** Opening Input data block **
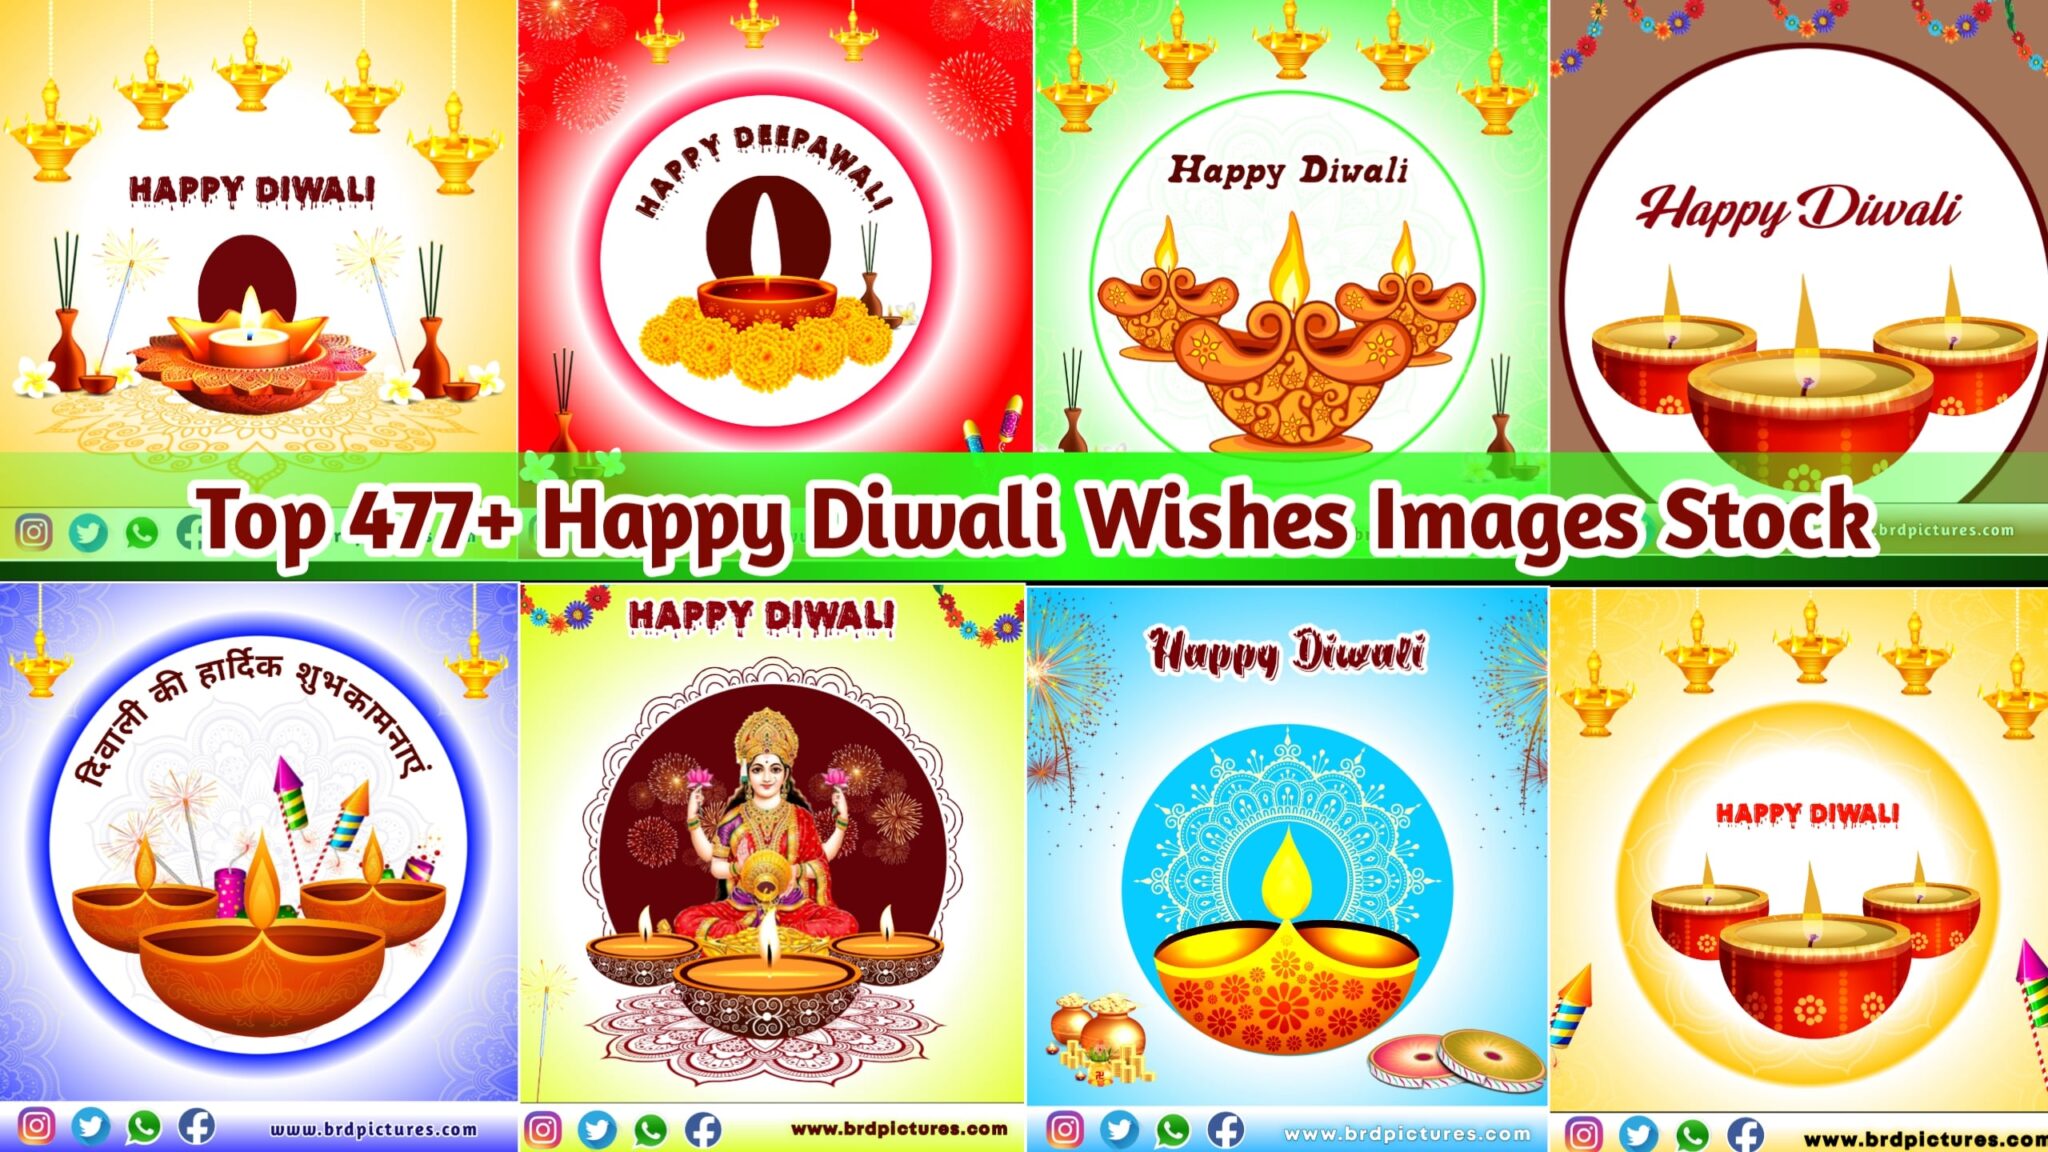 Top 477+ Happy Diwali Wishes Images HD Stock
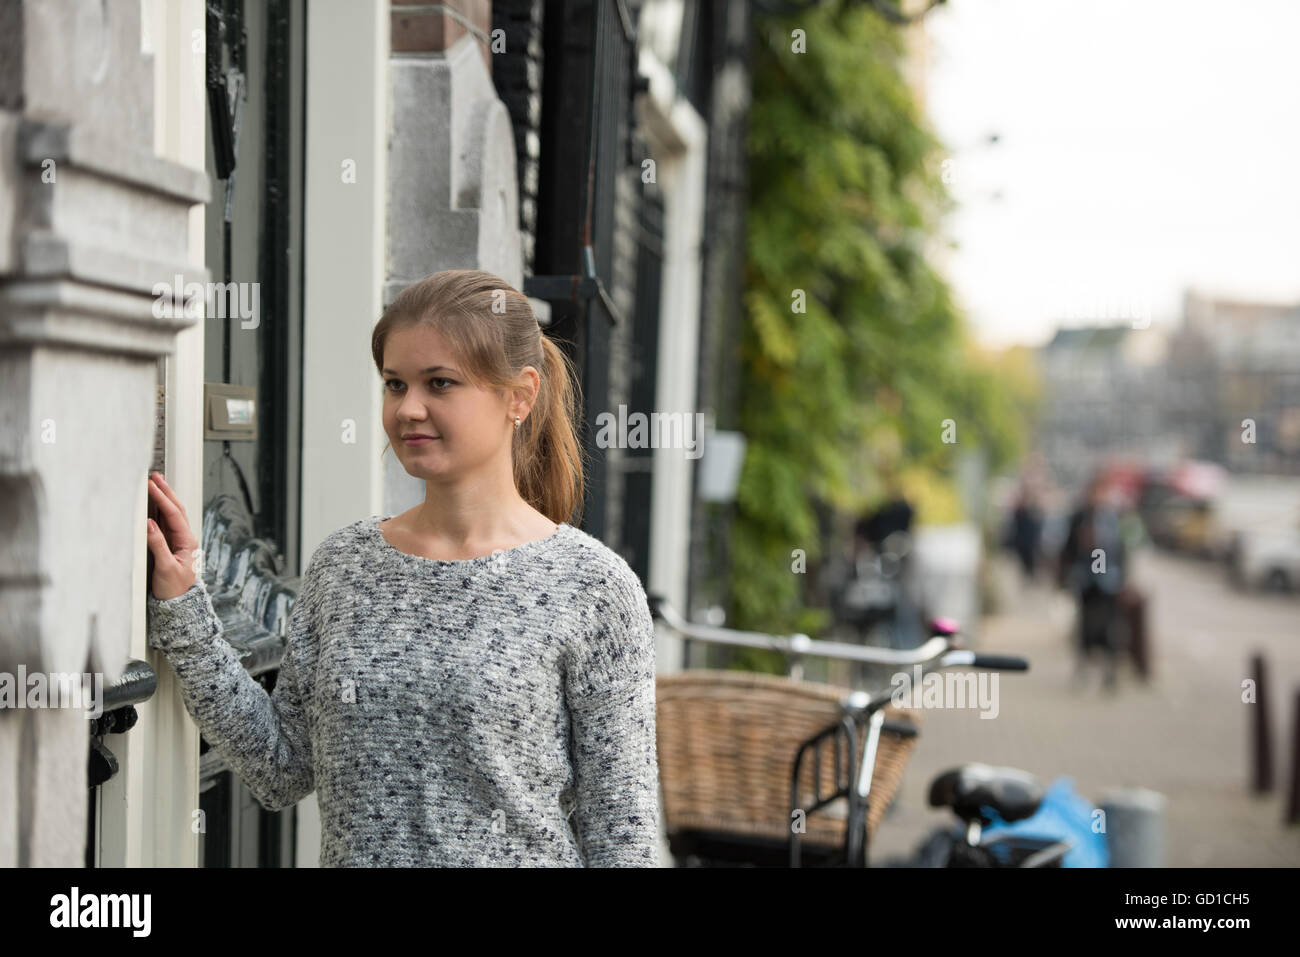 young woman in front of entrance door, ringing at the door bell Stock Photo
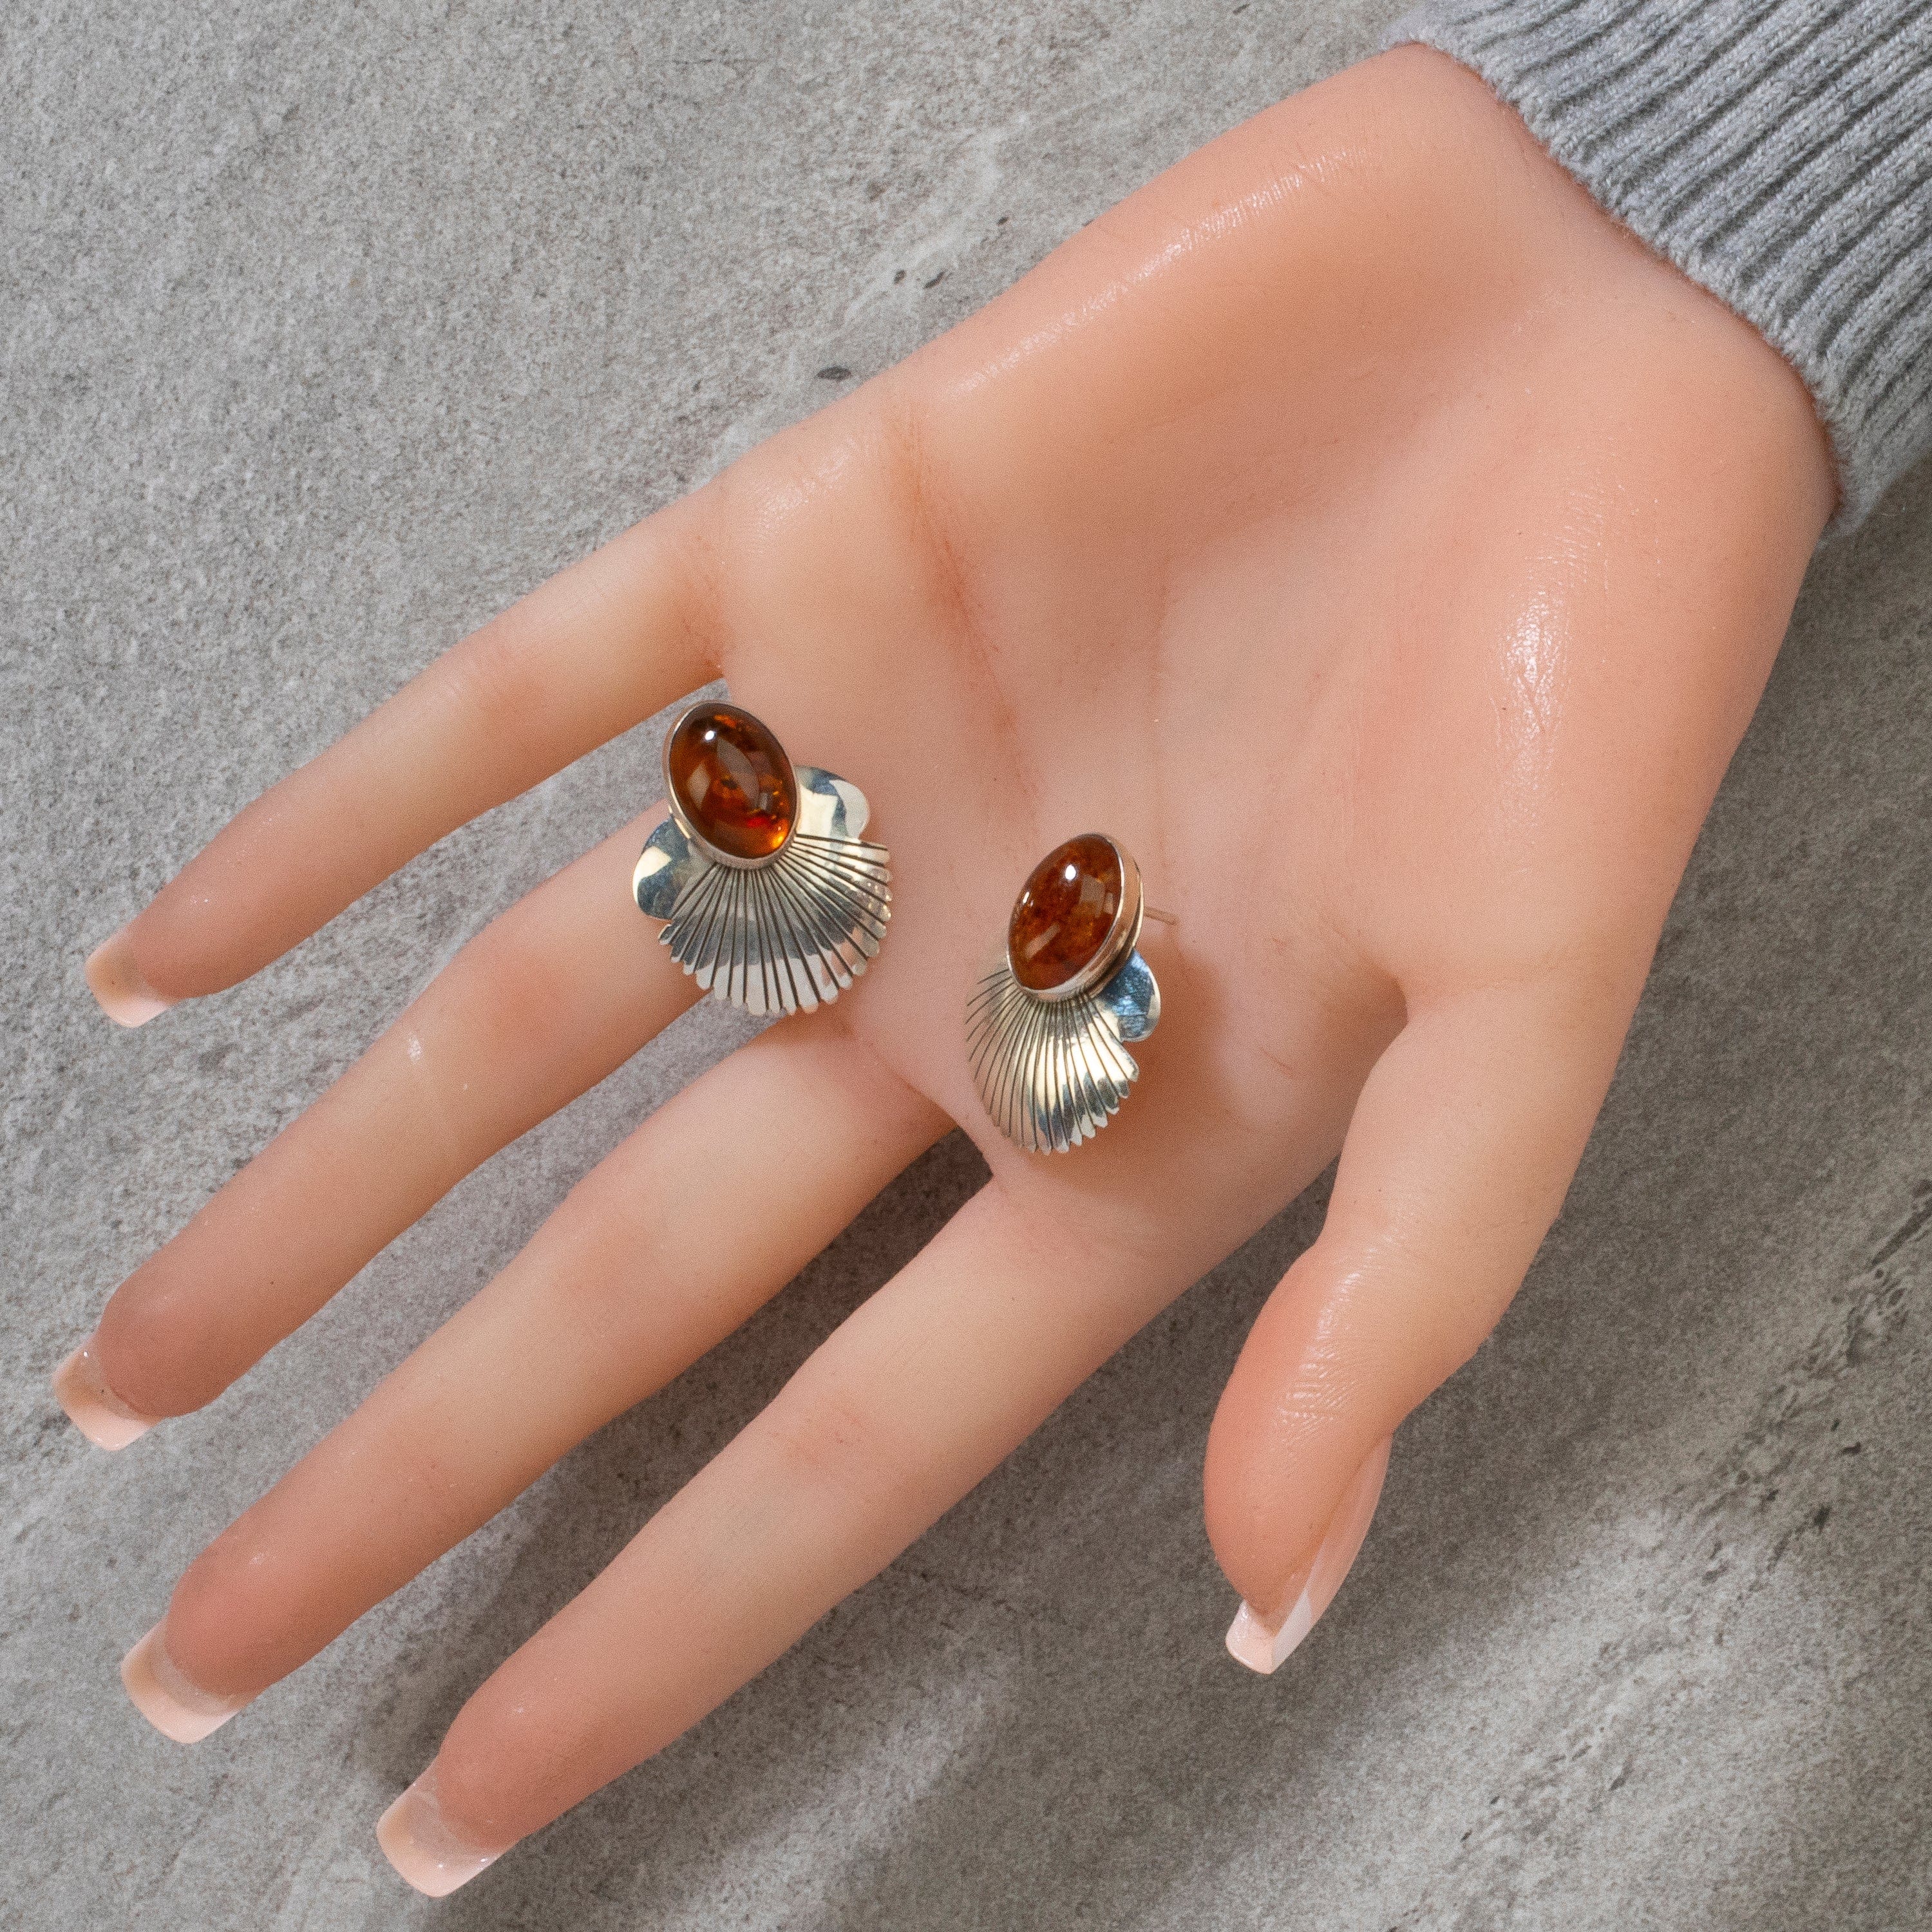 Kalifano Native American Jewelry Baltic Amber Navajo USA Native American Made 925 Sterling Silver Earrings with Stud Backing NAE300.023
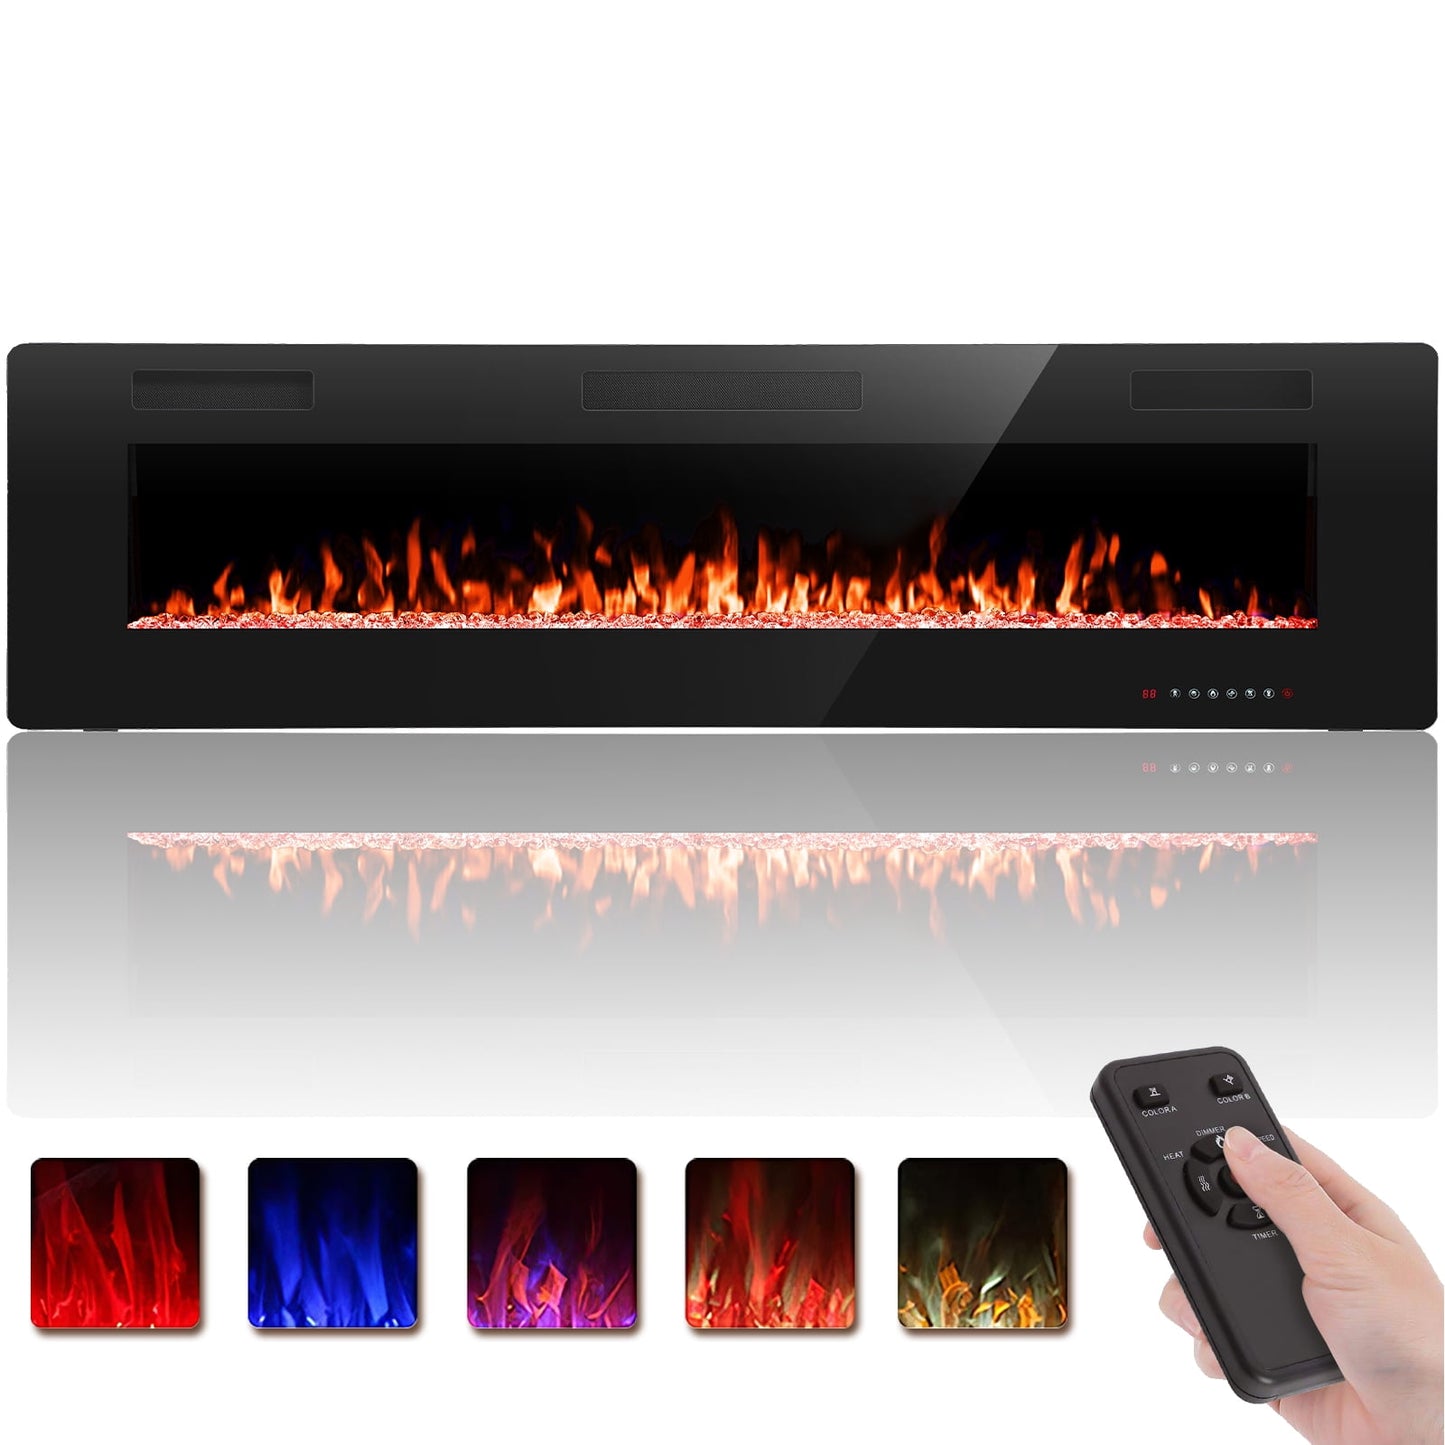 KISSAIR 68" Electric Fireplace in-Wall Recessed and Wall Mounted 1500W Fireplace Heater and Linear Fireplace with Timer/Multicolor Flames/Touch Screen/Remote Control (Black)
** Closing Input data block **
With the pictures excluded, restate word for word each line from the one that contains "young woman in" through the last line of the listing above.

◆ **Solution to the exercise**:
 young woman in front of entrance door, ringing at the door bell Stock Photo
 Kalifano Native American Jewelry Baltic Amber Navajo USA Native American Made 925 Sterling Silver Earrings with Stud Backing NAE300.023
 KISSAIR 68" Electric Fireplace in-Wall Recessed and Wall Mounted 1500W Fireplace Heater and Linear Fireplace with Timer/Multicolor Flames/Touch Screen/Remote Control (Black)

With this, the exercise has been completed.